Dive Brief:
- Conservative think tank Center for American Progress has produced a report on institutional risk sharing, with its focus centered on negative repayment outcomes from non-completion or failure of former students to make timely payments.
- The plan also calls for institutions to receive bonuses for students exceeding positive thresholds for default rates and repayment proportions, and for schools to be rewarded for increasing the number of successful students who qualify for Pell Grant support.

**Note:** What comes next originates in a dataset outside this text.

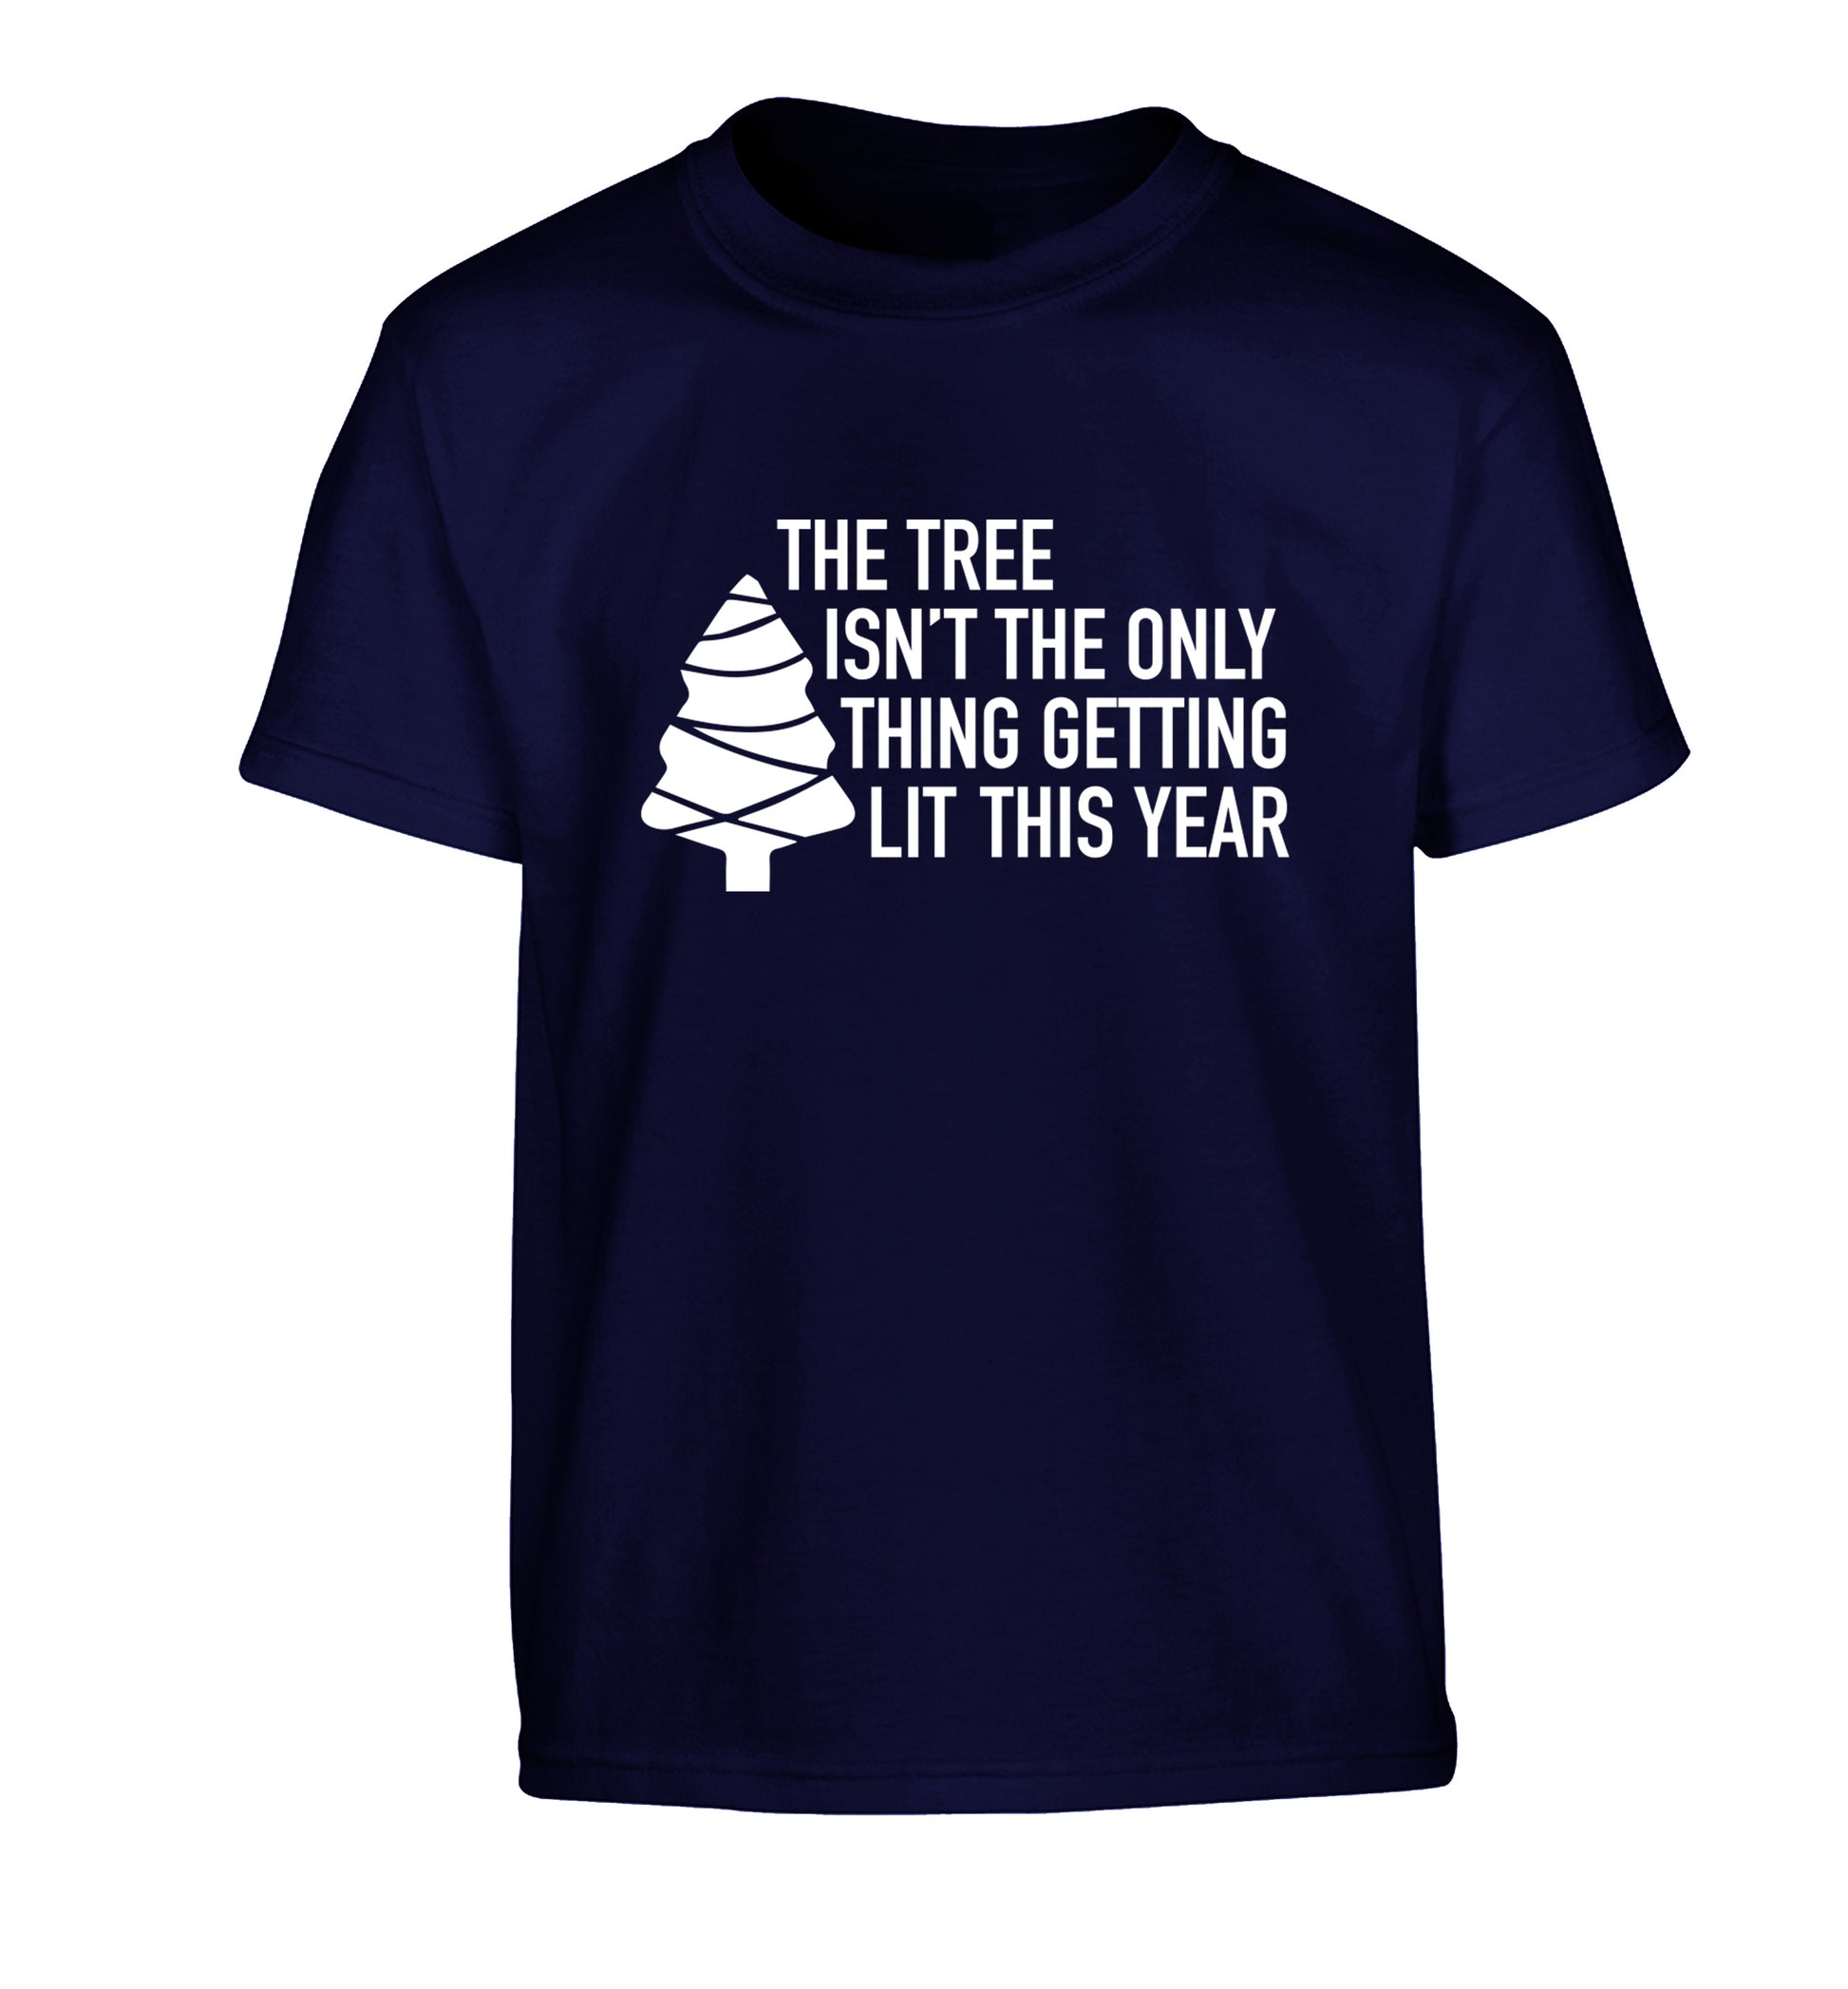 The tree isn't the only thing getting lit this year Children's navy Tshirt 12-14 Years

- The report accompanies increased advocacy from federal lawmakers who worry that the incoming presidential administration will allow issues of debt forgiveness to languish for students defrauded by predatory institutions.
Dive Insight:
While colleges and universities are still trying to find ways to serve a diverse student population without focusing primarily just on who can afford higher education, it is unlikely that mandated risk-sharing would improve outcomes for students or institutions, or that the Trump administration will allow certain harsh standards enacted by the Obama Administration to extend for at least four years.
Elite schools would remain relatively unharmed because of their high selectivity admission strategies, but mid-sized and small institutions would bear a heavy burden to admit high caliber students while finding ways to support retention resources for students on the fringes of preparedness. While the recommendations make sense on paper, it does not make immediate sense for most institutional budgets and legislative lobbying objectives.